→ What to produce
From the first line to the last, transcribe the data exactly and skip the pictures.

→ Source material
# # # #

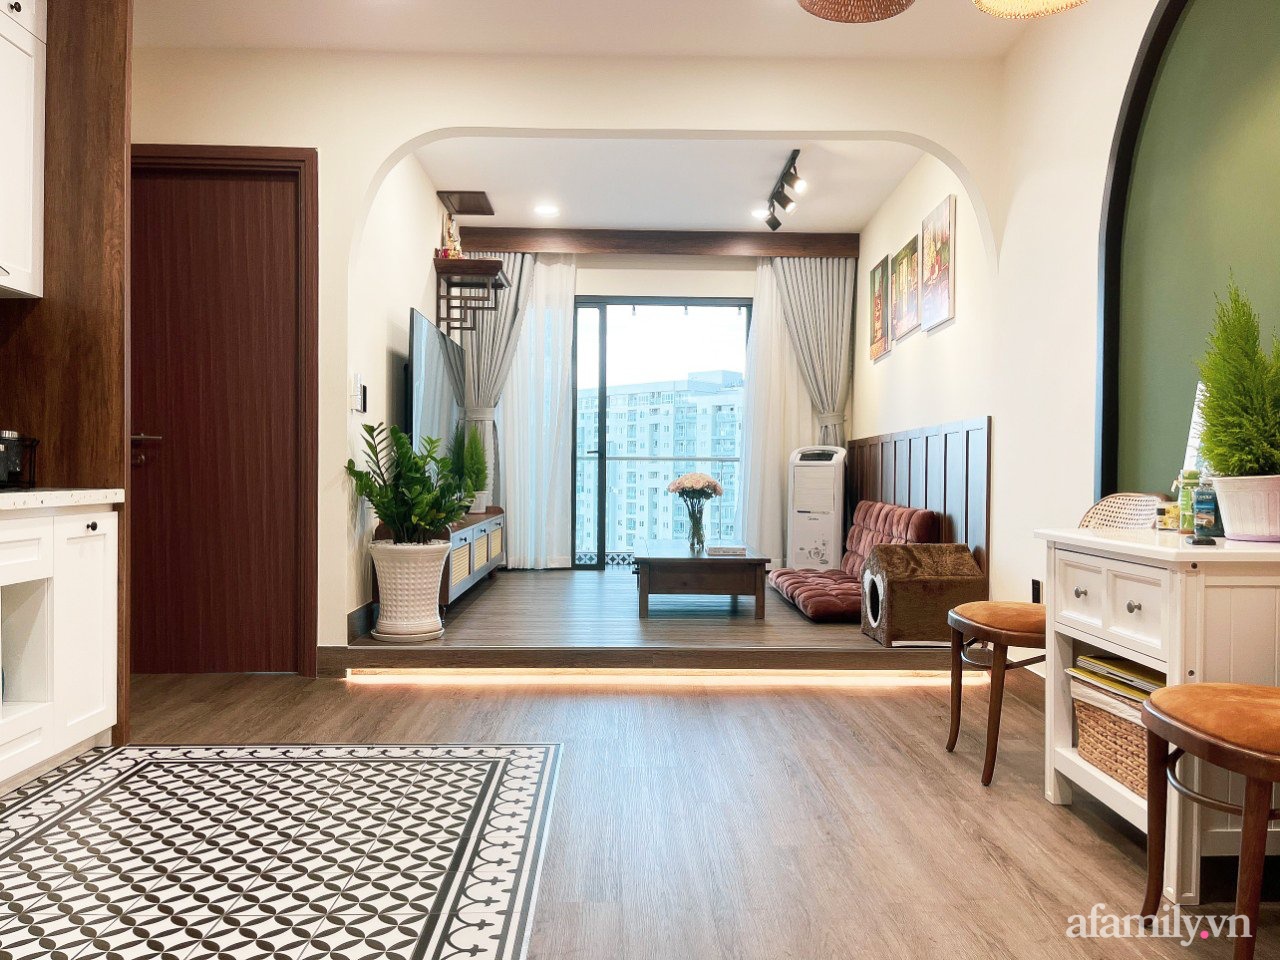 Phong cách Nhật Bản nội thất phòng khách: Tận hưởng sự thanh lịch và phong cách của Nhật Bản bằng cách cải tạo phòng khách của bạn. Từ khung cảnh cây xanh đến những chi tiết nhỏ trong trang trí, tất cả sẽ tạo ra một không gian ấm áp, tinh tế cho bạn và gia đình. Xem tận mắt các mẫu thiết kế nội thất phòng khách phong cách Nhật Bản trong hình ảnh liên quan.
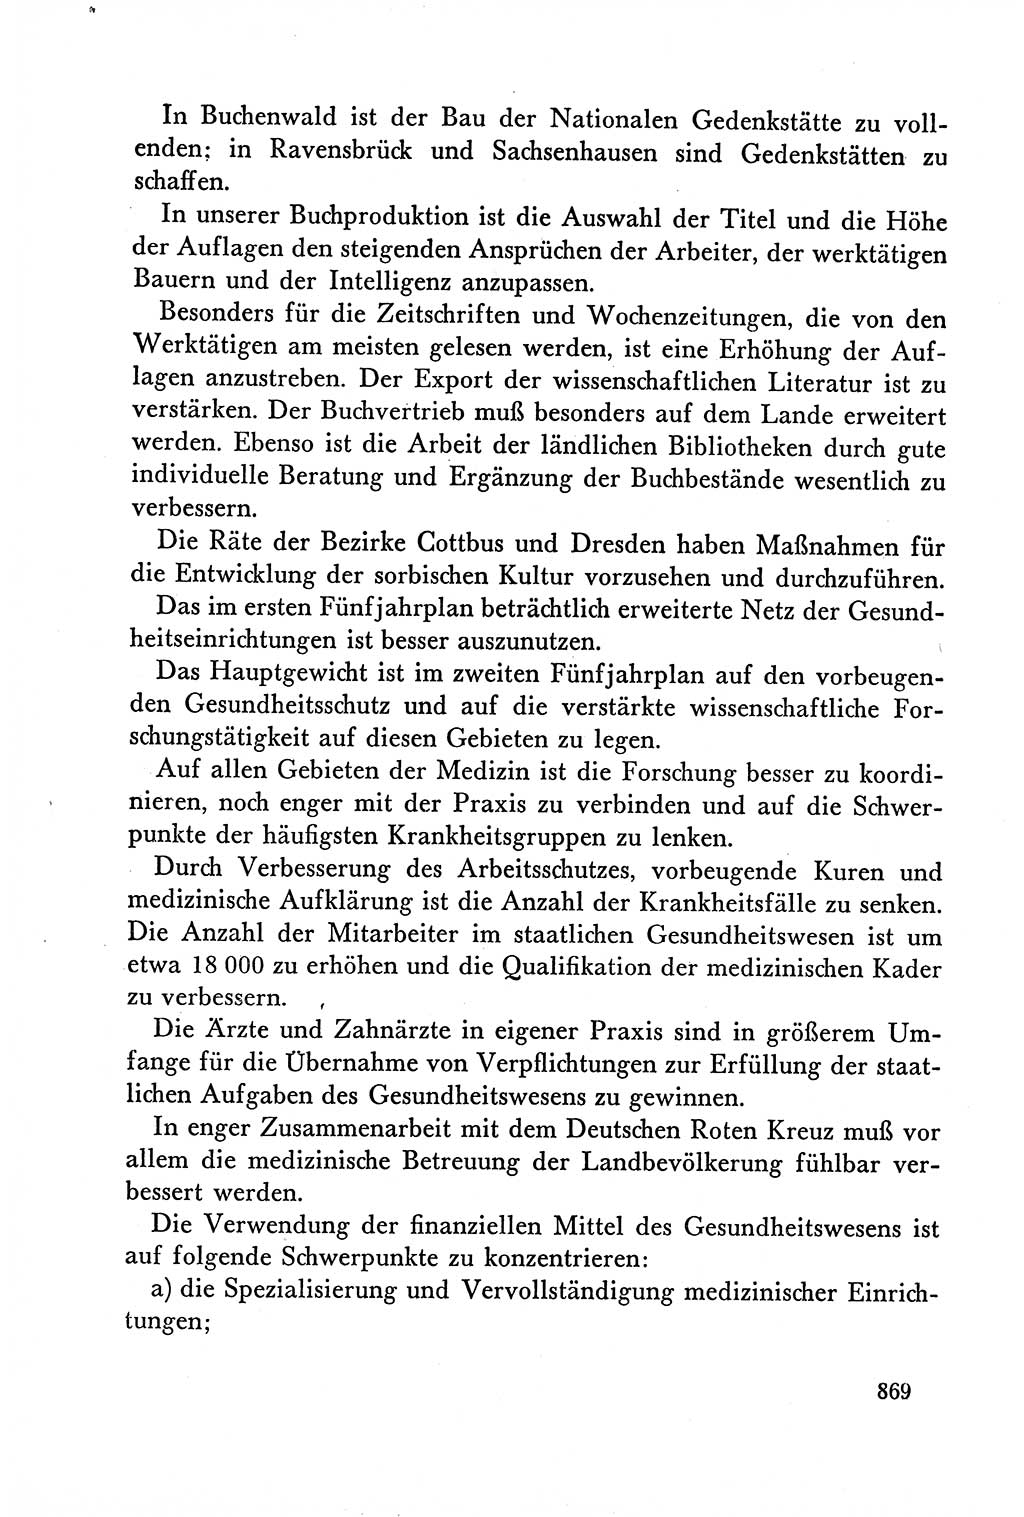 Dokumente der Sozialistischen Einheitspartei Deutschlands (SED) [Deutsche Demokratische Republik (DDR)] 1958-1959, Seite 869 (Dok. SED DDR 1958-1959, S. 869)
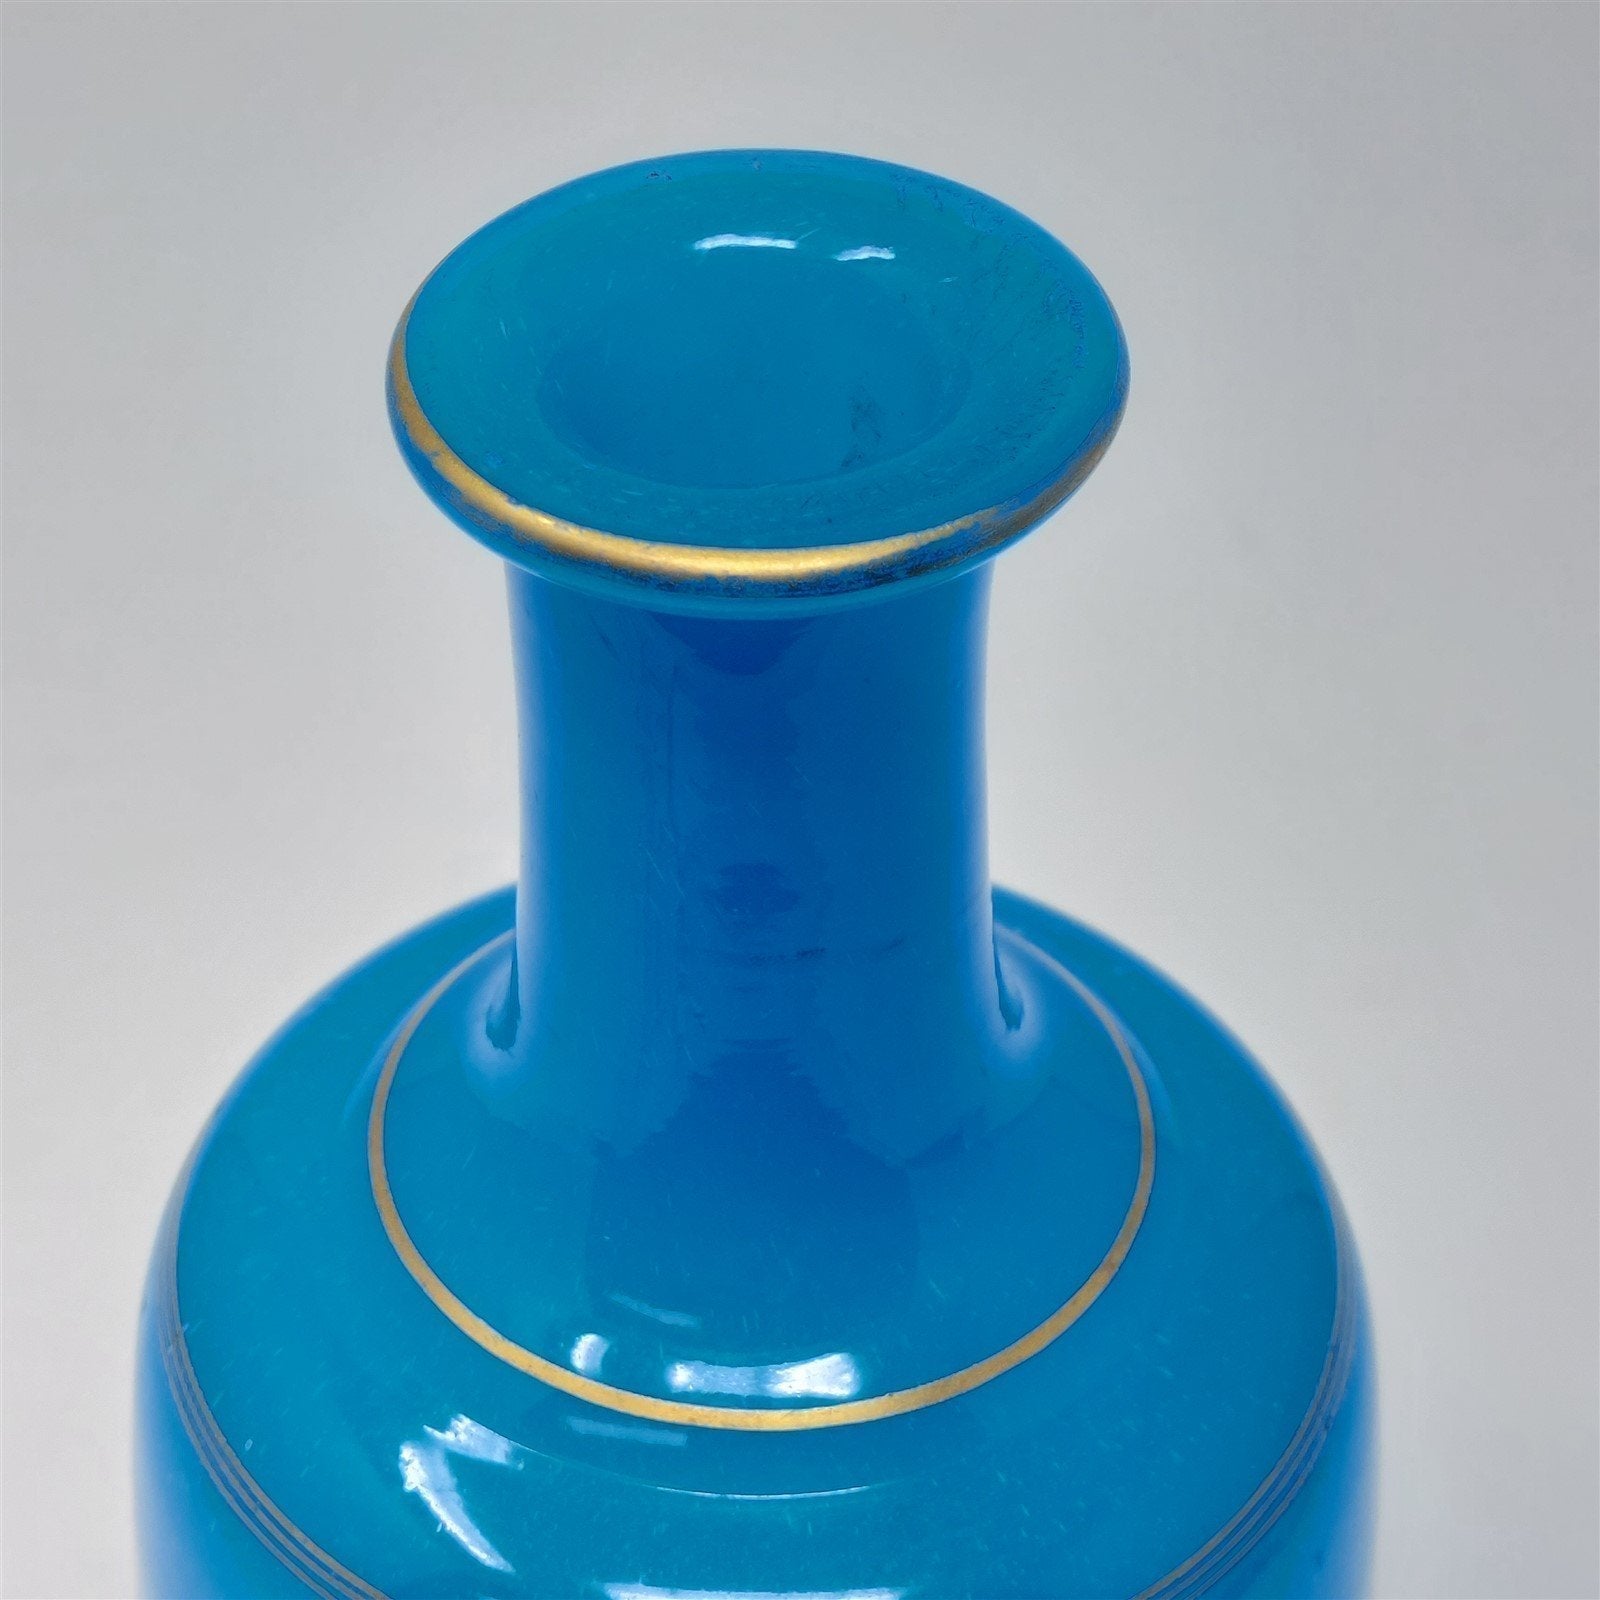 Glass Bottle Vase Hand Blown Pontil Mark Blue With Gold Trim Vintage Decor 7"

# # # #

→ Final answer
 Phong cách Nhật Bản nội thất phòng khách: Tận hưởng sự thanh lịch và phong cách của Nhật Bản bằng cách cải tạo phòng khách của bạn. Từ khung cảnh cây xanh đến những chi tiết nhỏ trong trang trí, tất cả sẽ tạo ra một không gian ấm áp, tinh tế cho bạn và gia đình. Xem tận mắt các mẫu thiết kế nội thất phòng khách phong cách Nhật Bản trong hình ảnh liên quan.
 Dokumente der Sozialistischen Einheitspartei Deutschlands (SED) [Deutsche Demokratische Republik (DDR)] 1958-1959, Seite 869 (Dok. SED DDR 1958-1959, S. 869)
 Glass Bottle Vase Hand Blown Pontil Mark Blue With Gold Trim Vintage Decor 7"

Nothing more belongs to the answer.